Platform Engineering: Building Developer Platforms Right
Most companies don't need a platform team. The next tier up absolutely does. I've seen companies scale to 30 engineers on a single team without needing a formal platform. I've also seen companies with 100 engineers still trying to manage infrastructure through tribal knowledge and shared Slack channels.
The difference is: what's the tax on shipping features? If engineers spend 90% of their time on features and 10% on DevOps, you're fine. If it's 70/30, you need a platform team.
What Is a Platform?
An internal developer platform (IDP) is a curated set of tools, workflows, and services that let product teams deploy and operate software without needing to be infrastructure experts.
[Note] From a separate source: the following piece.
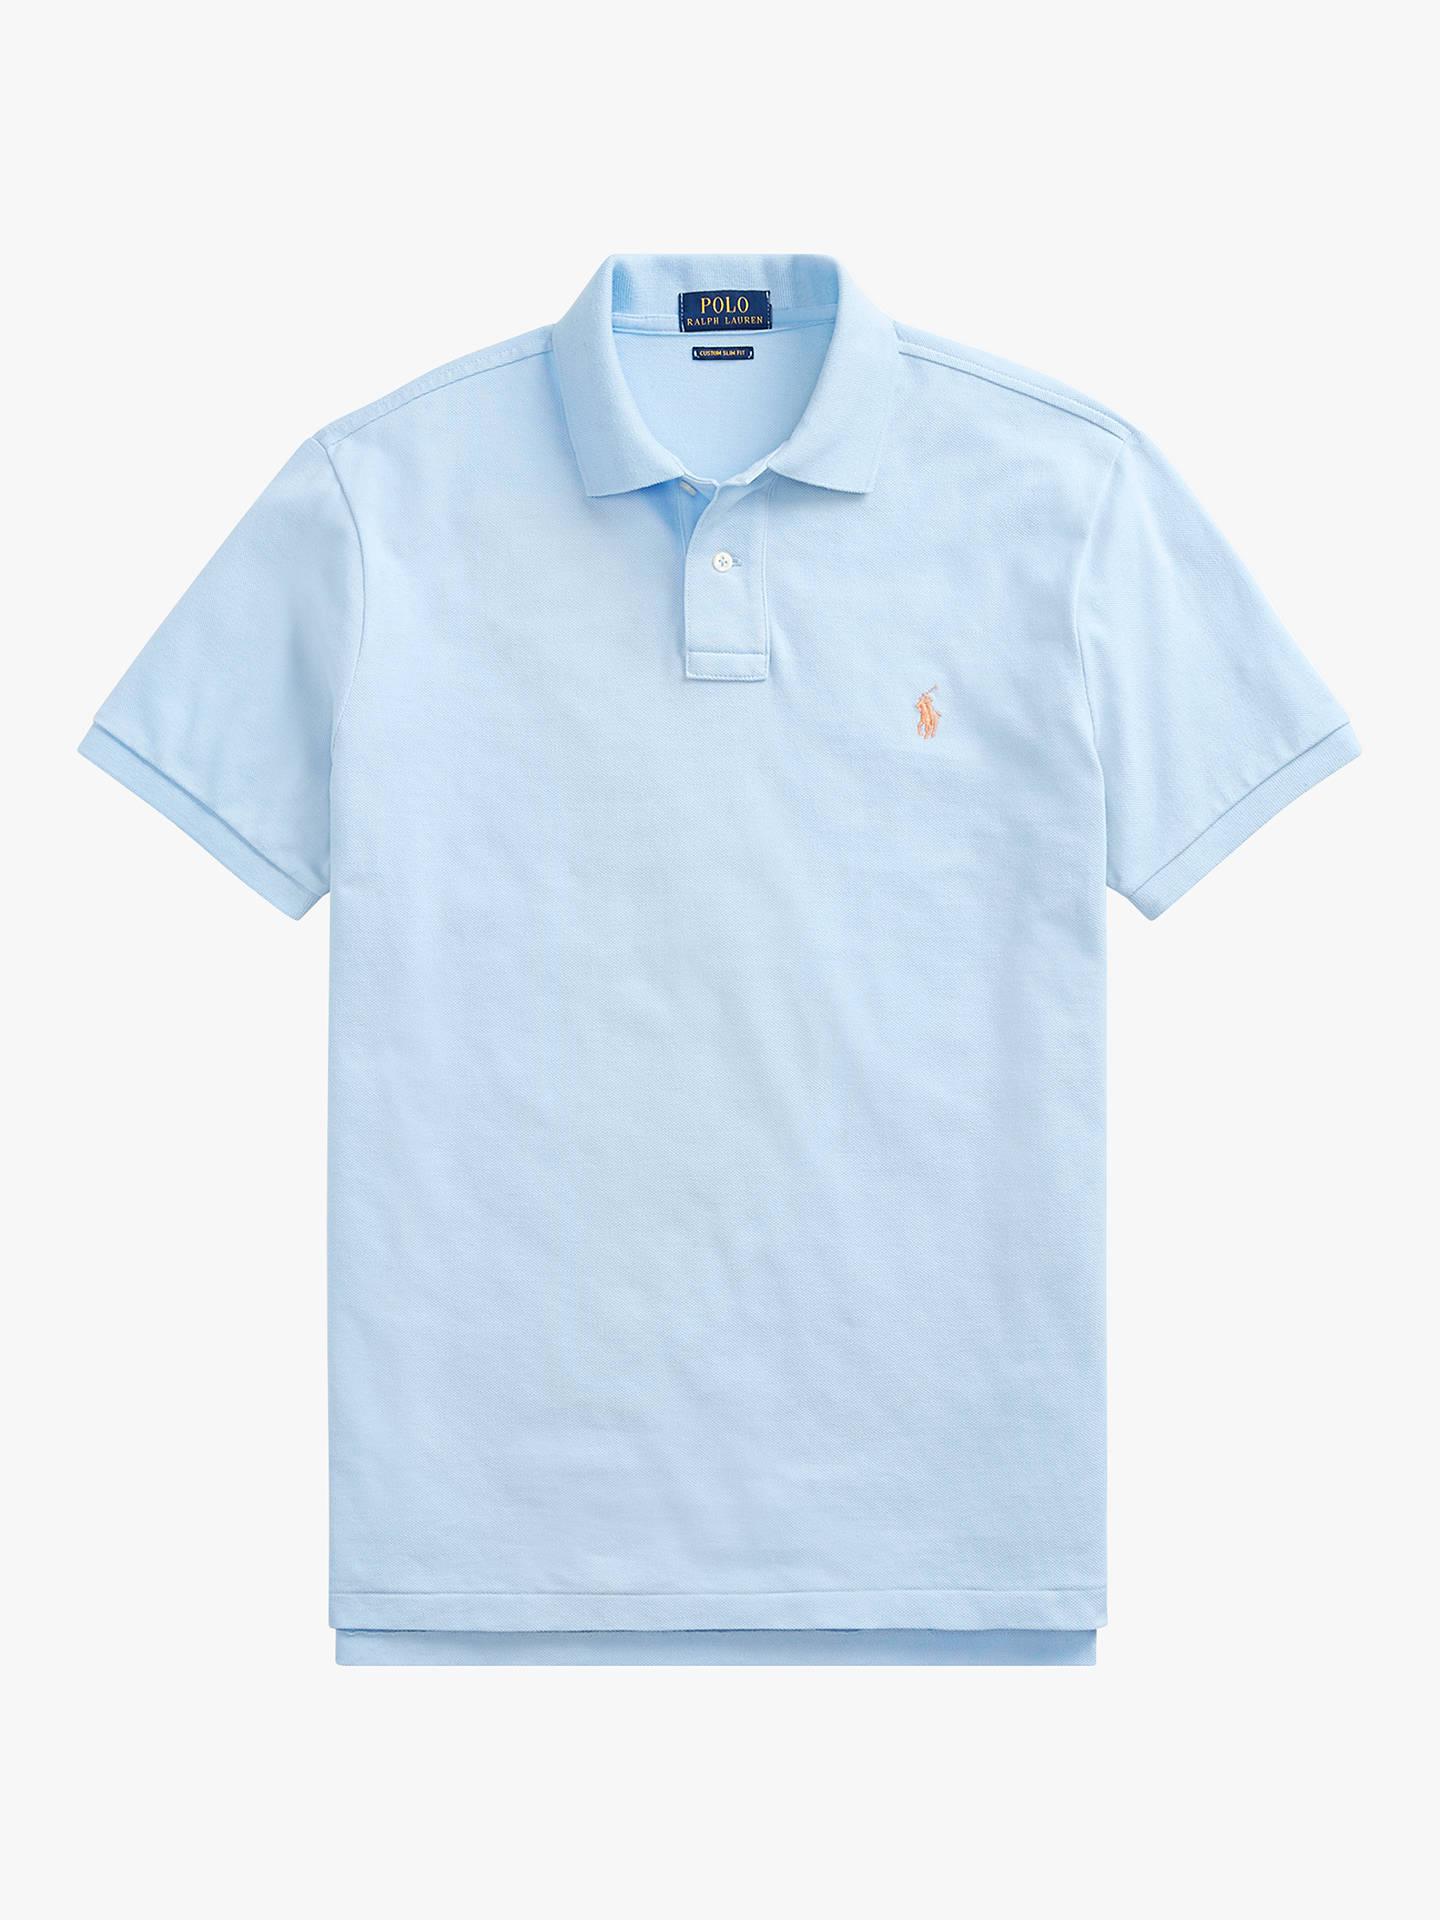 57238c7f4a5 Polo Ralph Lauren Slim Fit Mesh Polo Shirt at John Lewis   Partners

That's the boring definition. Here's what it actually means: Your platform team builds self-service capabilities so that a product engineer can, at 2 AM with no infrastructure knowledge, deploy a fix to production without involving an ops engineer or an on-call rotation. The platform provides guardrails (this code can't access that database, this service can't breach these resource limits), visibility (you can see your service's behavior in production), and controls (rollback, gradual rollout, alerting).
A platform is not Kubernetes. Kubernetes is a tool your platform might use. A platform is not "we have Terraform repos." That's infrastructure as code, which is great, but platforms are bigger than that.
Good platforms are invisible. Engineers don't think about them. They have an idea, write the code, run one command, and it's in production with monitoring, logging, and alerting. They don't think: "How do I deploy this?" They think: "This is deployed."
Bad platforms are the opposite. Engineers spend hours reading wiki pages, asking questions in Slack, and jumping through approval processes. They become a productivity tax, not a multiplier.
The Golden Path
The single best concept in platform engineering is the golden path. It's the boring, well-paved road to doing the common thing. For 90% of your services, there's a standard way to do it. That should be the easiest way.
The golden path means: You have a standard way to write services. (Most companies: a template repository or a starter project.) A standard way to deploy them. (Most companies: one command to the platform.) A standard way to operate them. (Most companies: built-in dashboards and alerting.)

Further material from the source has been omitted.